▶ [Description of the task] Shown below are entries with pictures; the line with "Bettmersee (Lake) in Valais" through the line with "Camere da letto antiche" is the span to retype exactly, and the pictures stay out.

▶ [Records to use]
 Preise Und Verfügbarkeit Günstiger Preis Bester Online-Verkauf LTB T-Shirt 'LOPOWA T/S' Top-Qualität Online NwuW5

--

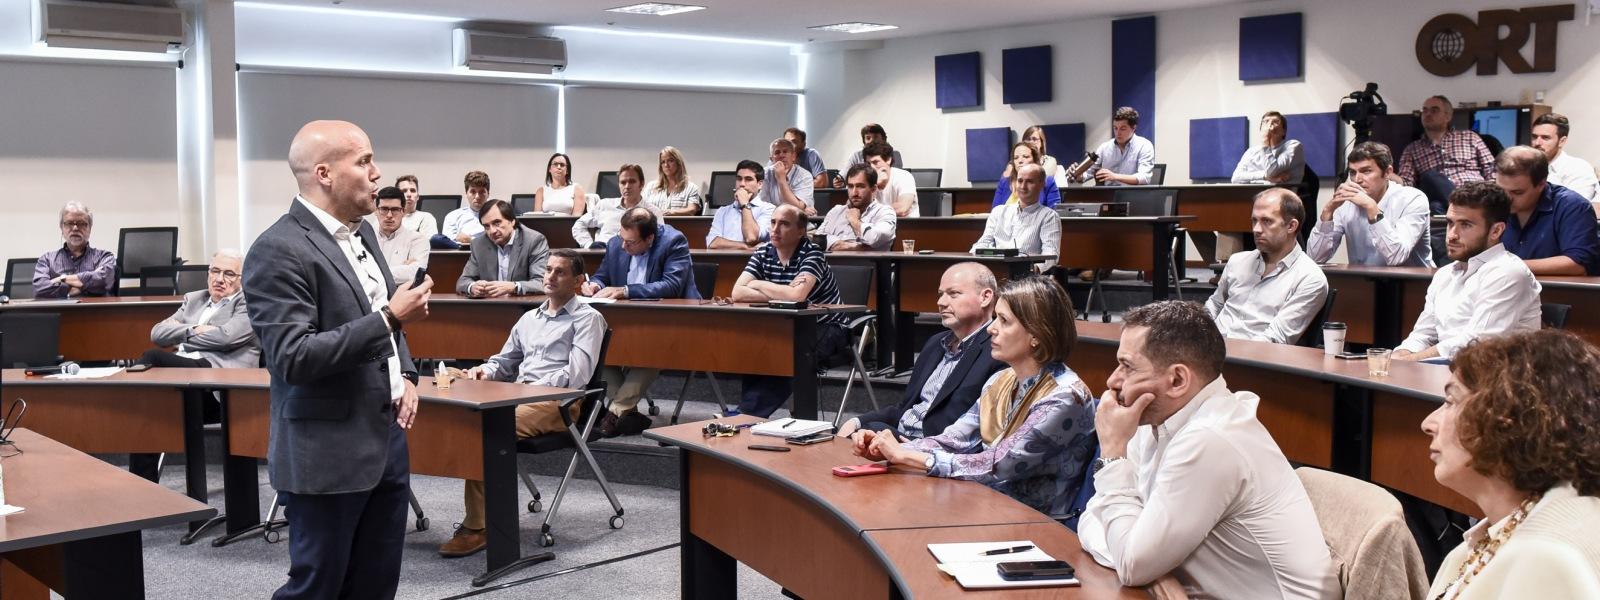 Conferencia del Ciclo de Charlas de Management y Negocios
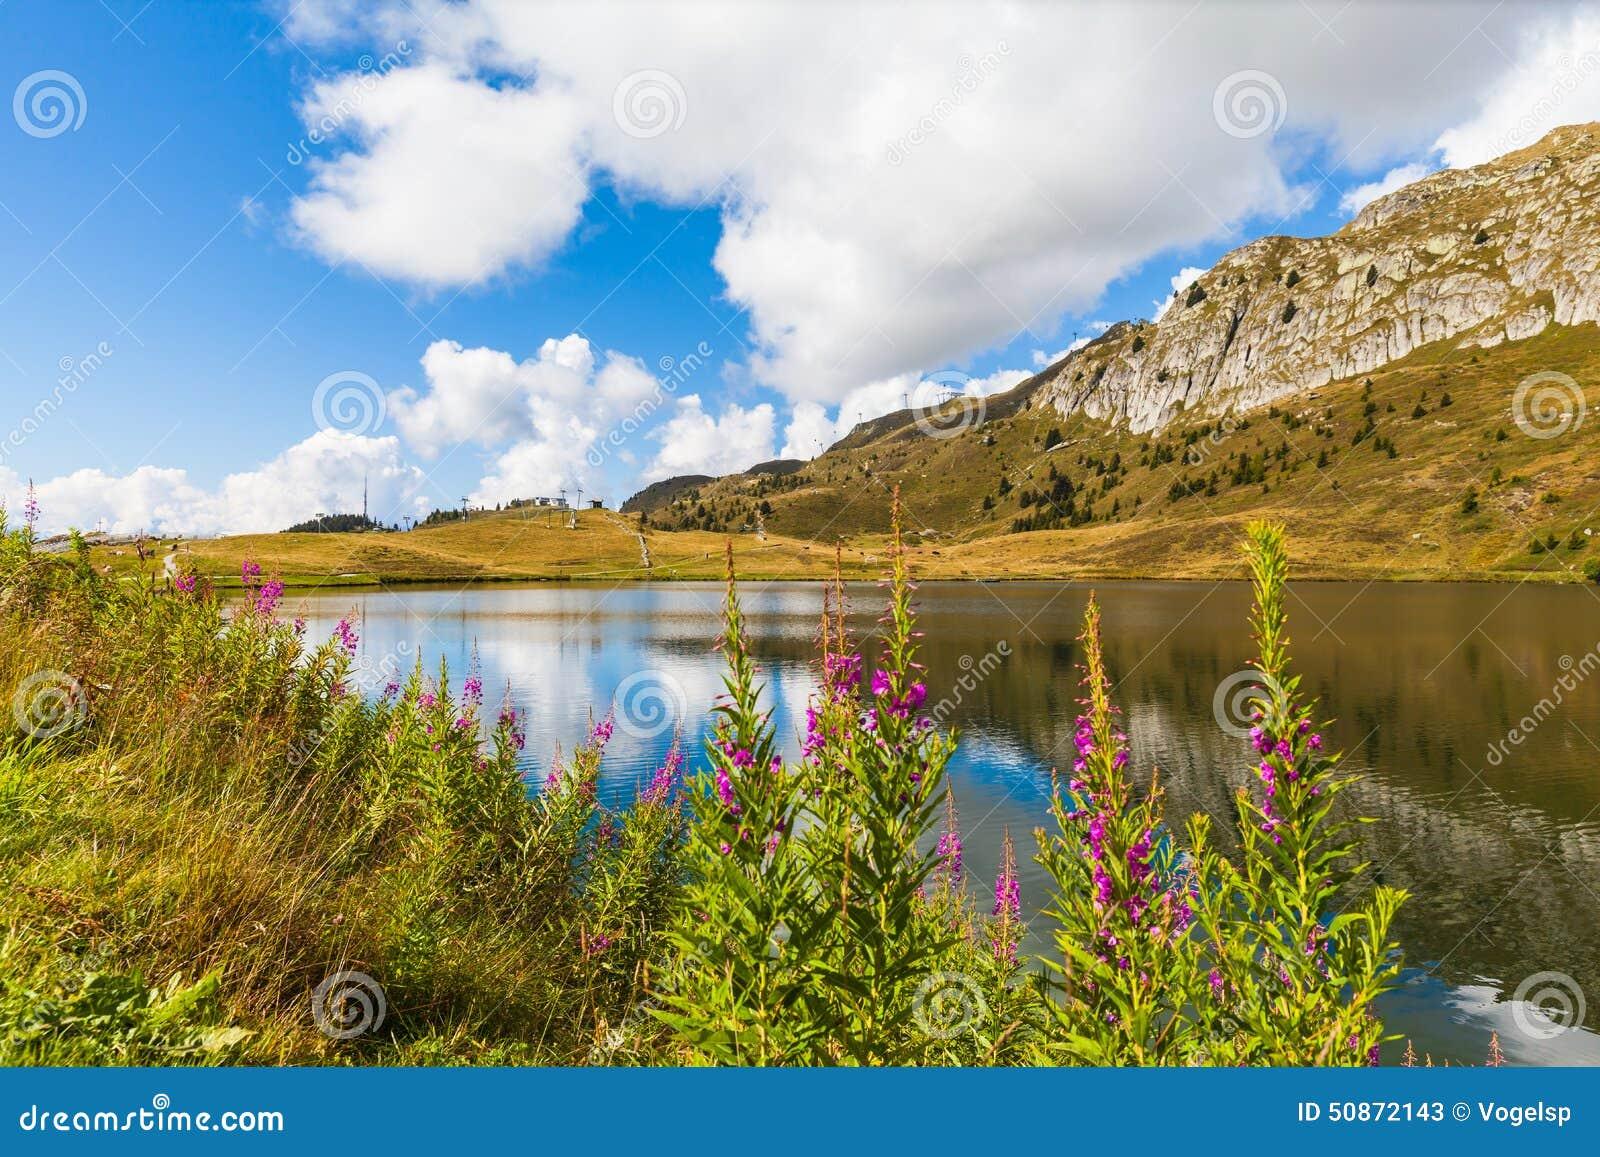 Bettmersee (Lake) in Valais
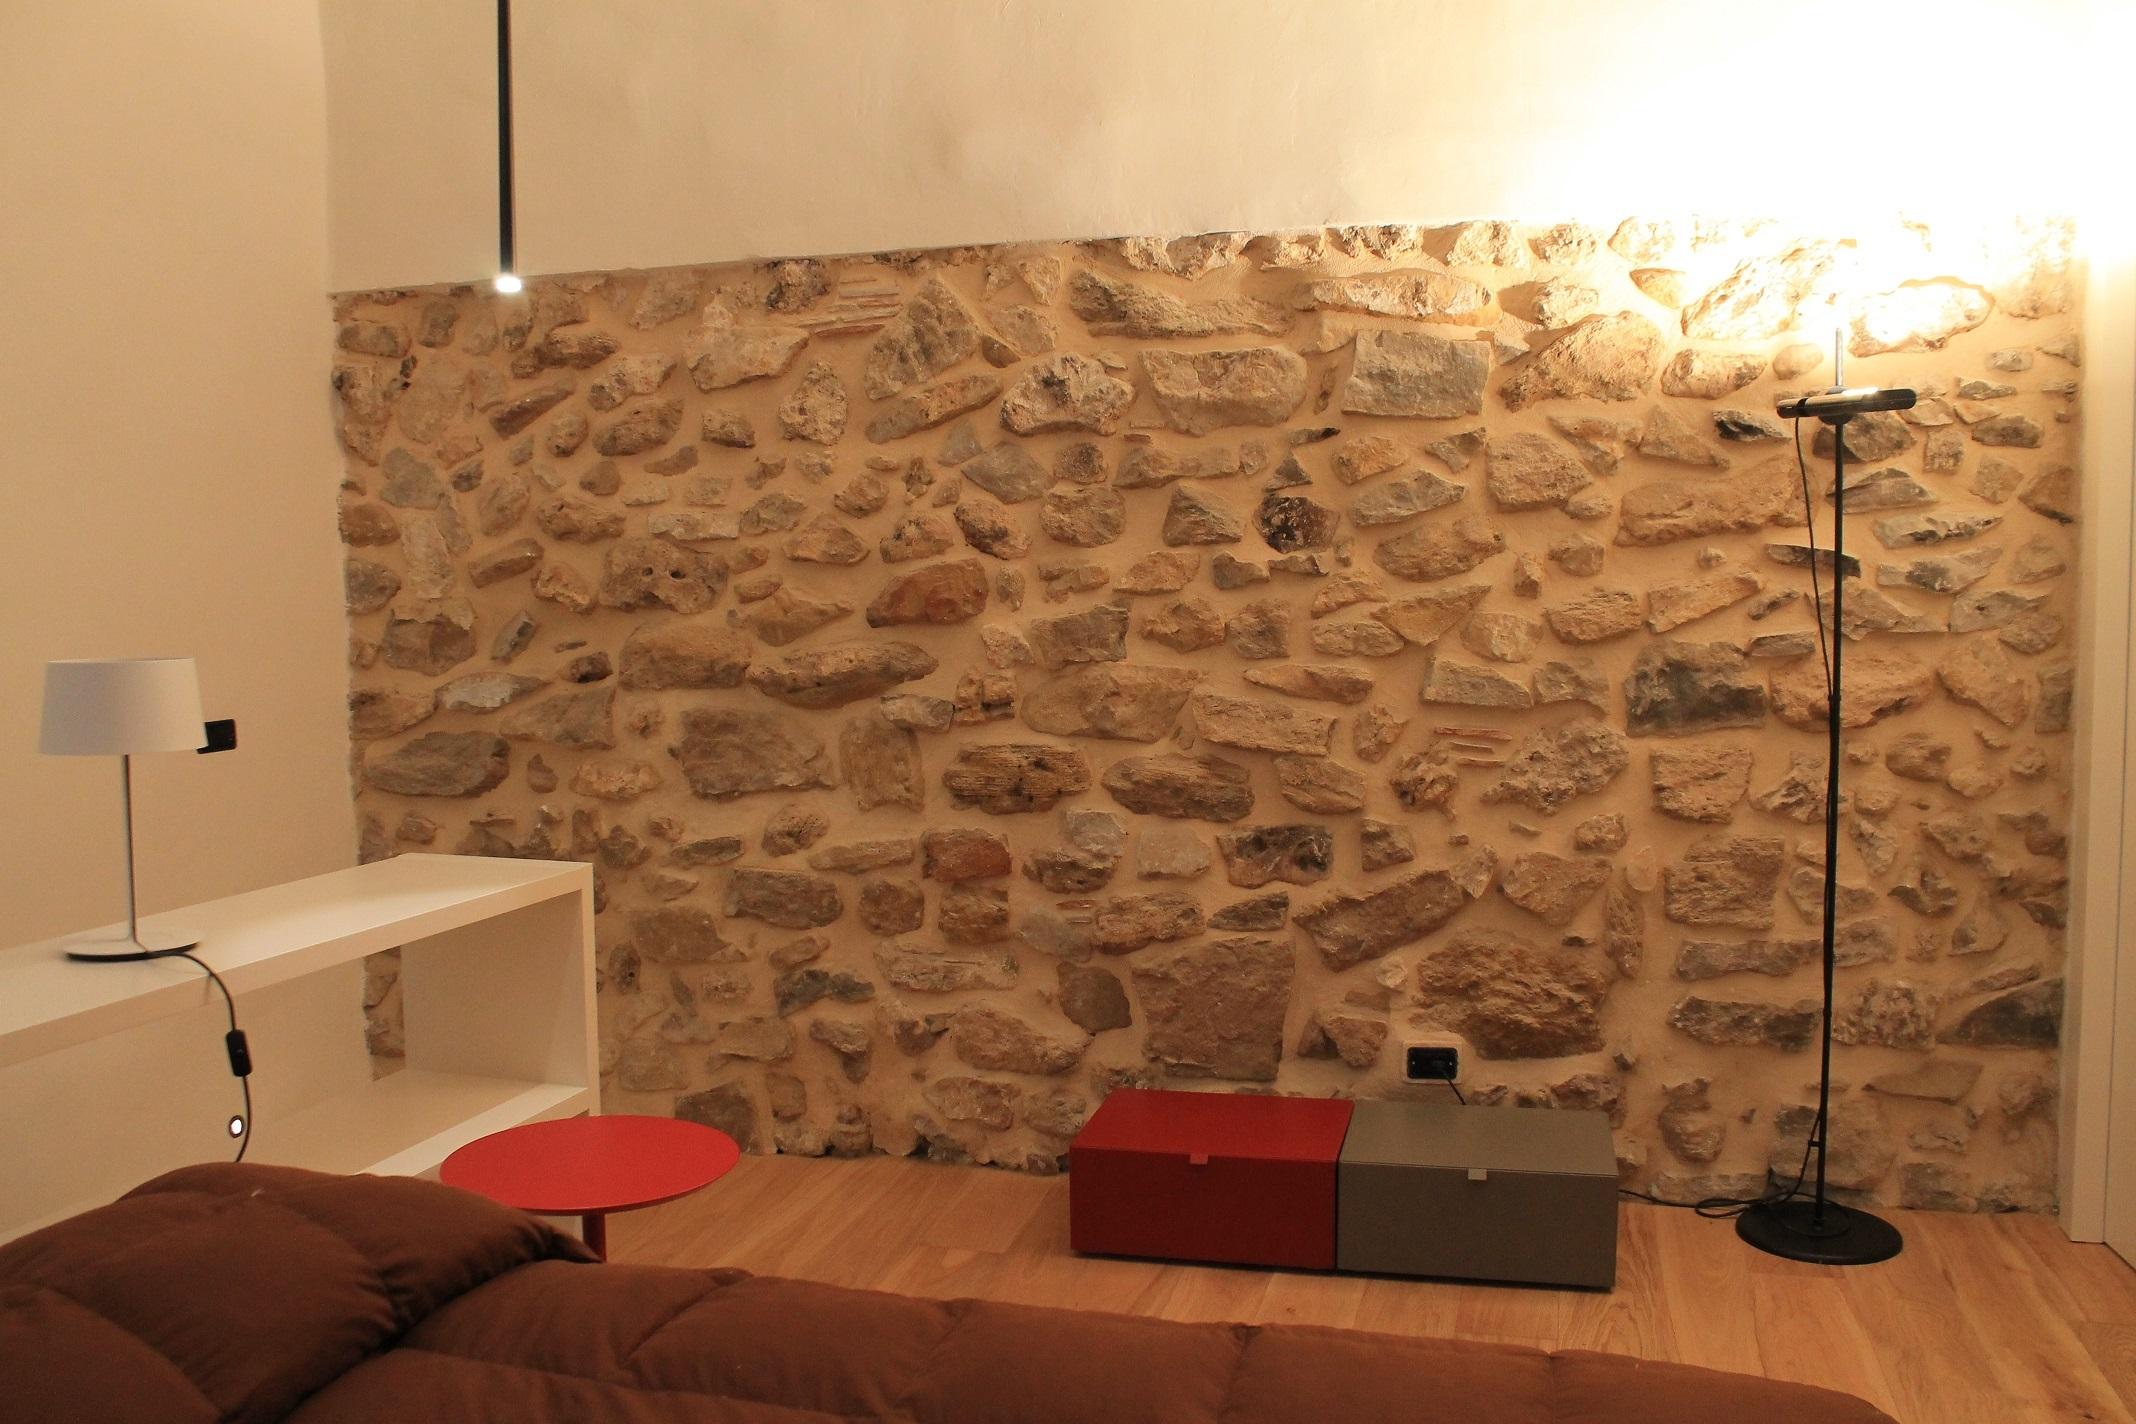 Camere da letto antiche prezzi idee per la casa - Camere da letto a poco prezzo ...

▶ [Written response]
 Bettmersee (Lake) in Valais
 Camere da letto antiche prezzi idee per la casa - Camere da letto a poco prezzo ...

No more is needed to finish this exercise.